Di inferni narrai già di loro la grazia e di essi gli oscuri pendii.
Decantando la vita attinta dalla fonte, di noi il dolore.
Rivolto al cielo questo sguardo, pullulante,
radioso d’emozione che mai morì al passaggio degli inverni.
Delle promesse ricevute in dono, semi piantati
dentro me. Profondamente.
Di tutti i brividi trattenuti sotto pelle.
Delle vene che ho tirato come funi per strapparmi via da te.
E il disciogliersi di ogni silenzio all’eco di eretiche
preghiere sussurrate a fior di labbra.
Il liquefarsi di ogni lancinante grido che ci ha
spinti nel massacro.
Quante volte poi ci siamo fatti beffa di noi stessi
raccontandoci le nostre atroci verità,
violentandoci nell’anima a colpi di pugnale.
Quale sadica dolcezza.
Belli gravidi e storditi dalla corsa verso il niente
nel tumulto della vita così gonfi ed eccitati.

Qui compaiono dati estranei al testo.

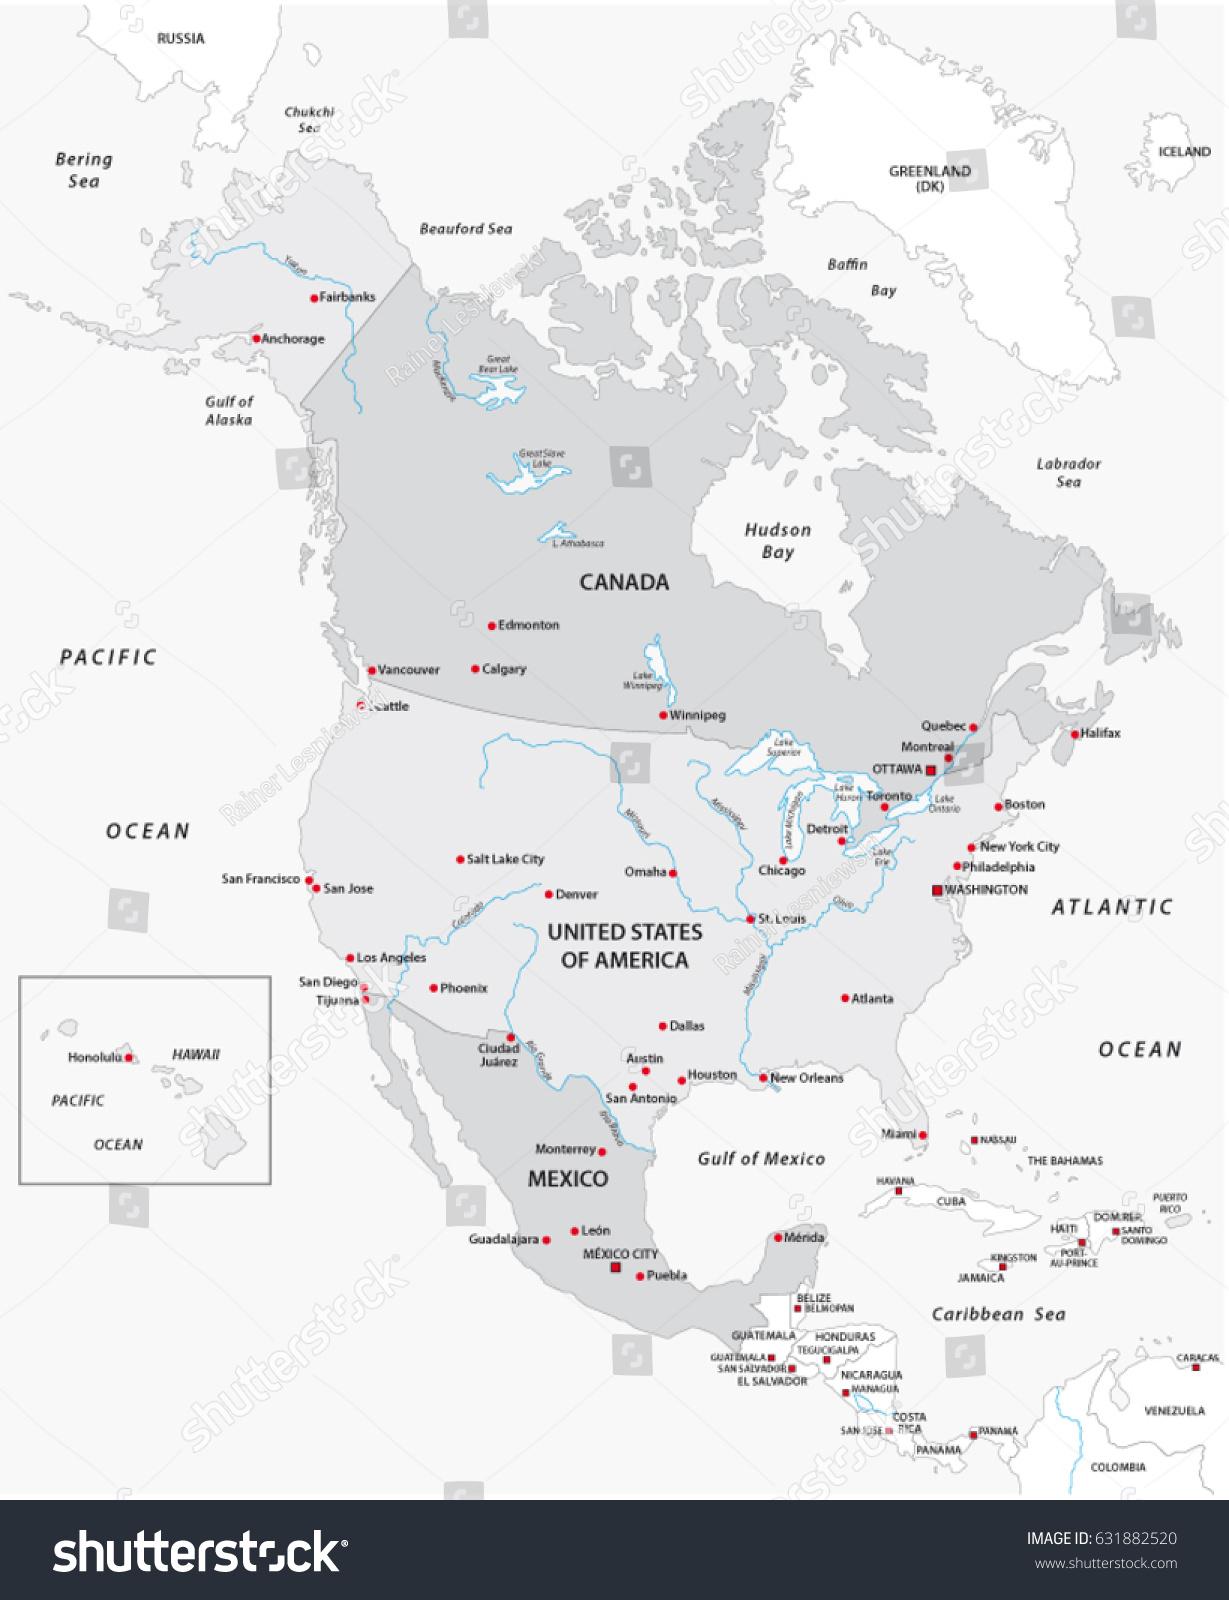 imageshutterstockcomzstock vector map of north
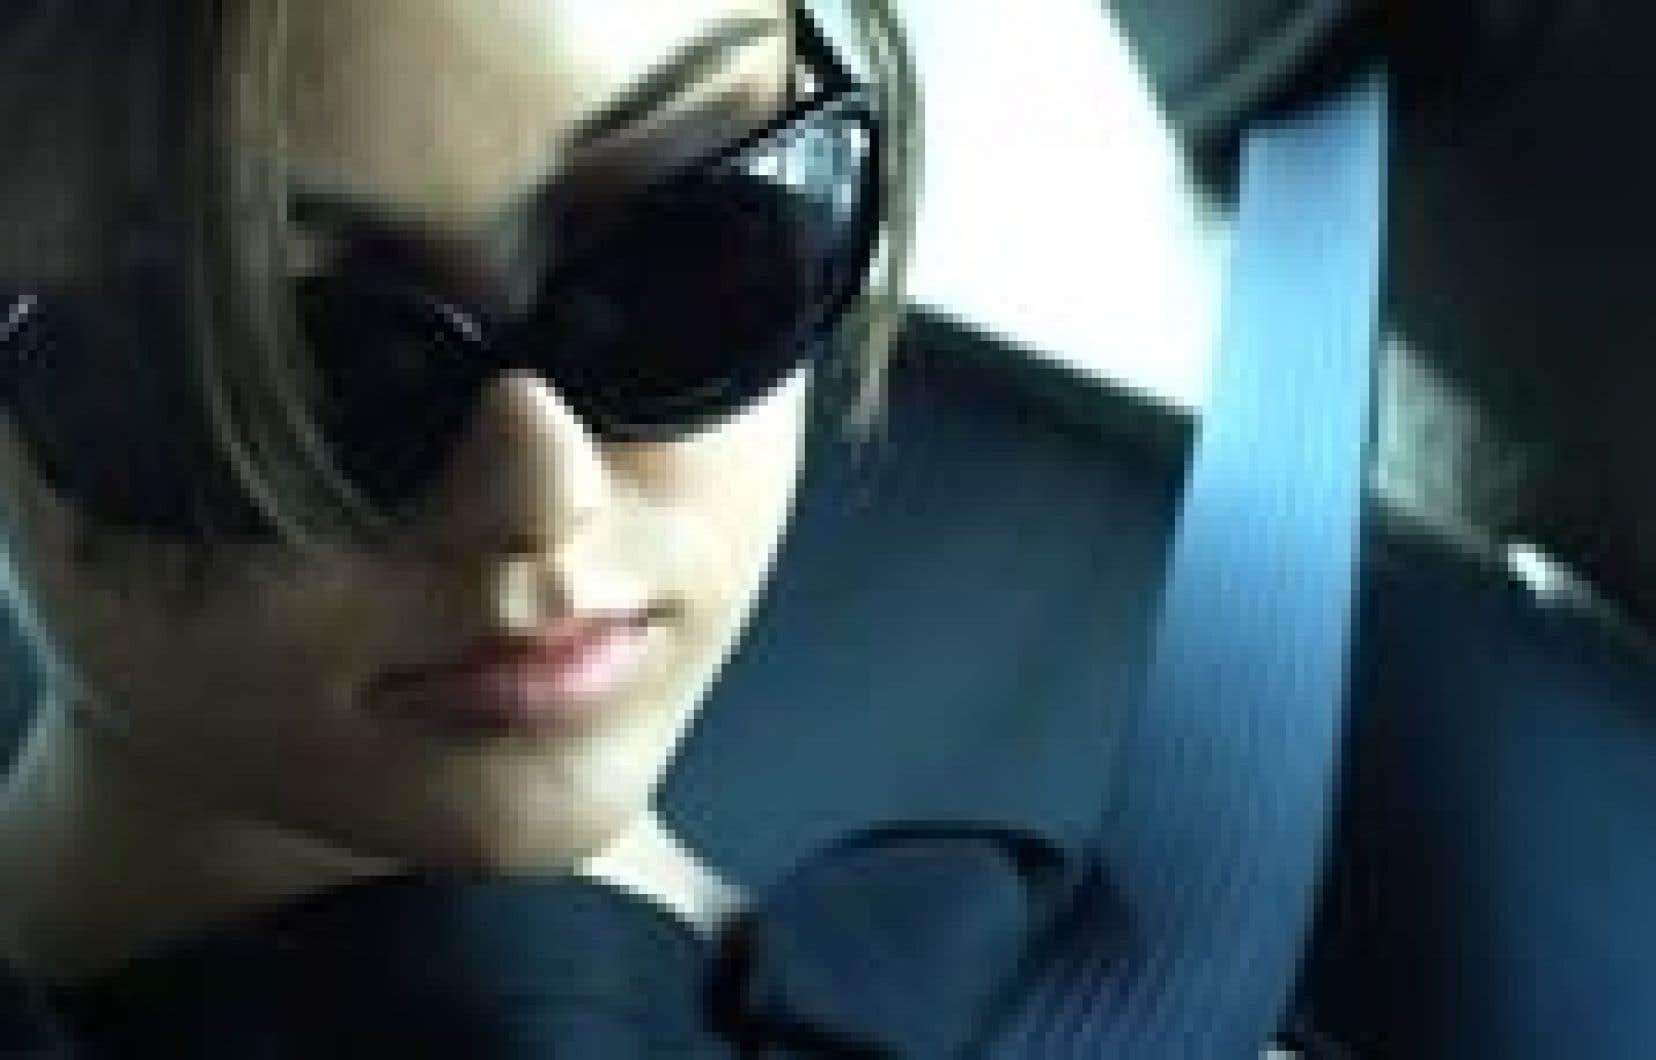 Sasha Grey, une star du porno, tient la vedette du dernier film de Steven Soderbergh, The Girlfriend Experience.

Sempre in volo. Sempre uniti.
Perduti e ritrovati.
Quelle volte che le mani hanno chiesto il calore
della pelle che non c’era. Respirare aria.
Tutta l’aria che mancava. Ingoiare aria. Diventare aria.
Scivolare, essere vento.
Ritrovarci ancora. Nella folla e nel deserto degli
intrepidi passaggi verso la nostra affermazione.
Finché fermandoci stremati con occhi dentro
agli occhi ci siamo visti grandi e lontani da quel mondo
che non ci apparteneva.
In fondo ciò che vuoi lo avevi già.
Bastava solo strappare via quel velo.
Sottile timidezza che arrestava di noi l’intraprendenza.
Ma sai non era facile guardarti senza il rischio d’impazzire.
Di diventare atroce e poi contorcersi.
Col nodo in gola. Nell’aritmia d’involontari battiti.
Convulsi tremiti. Incontrollati spasimi.
Per la bellezza che porti dentro agli occhi.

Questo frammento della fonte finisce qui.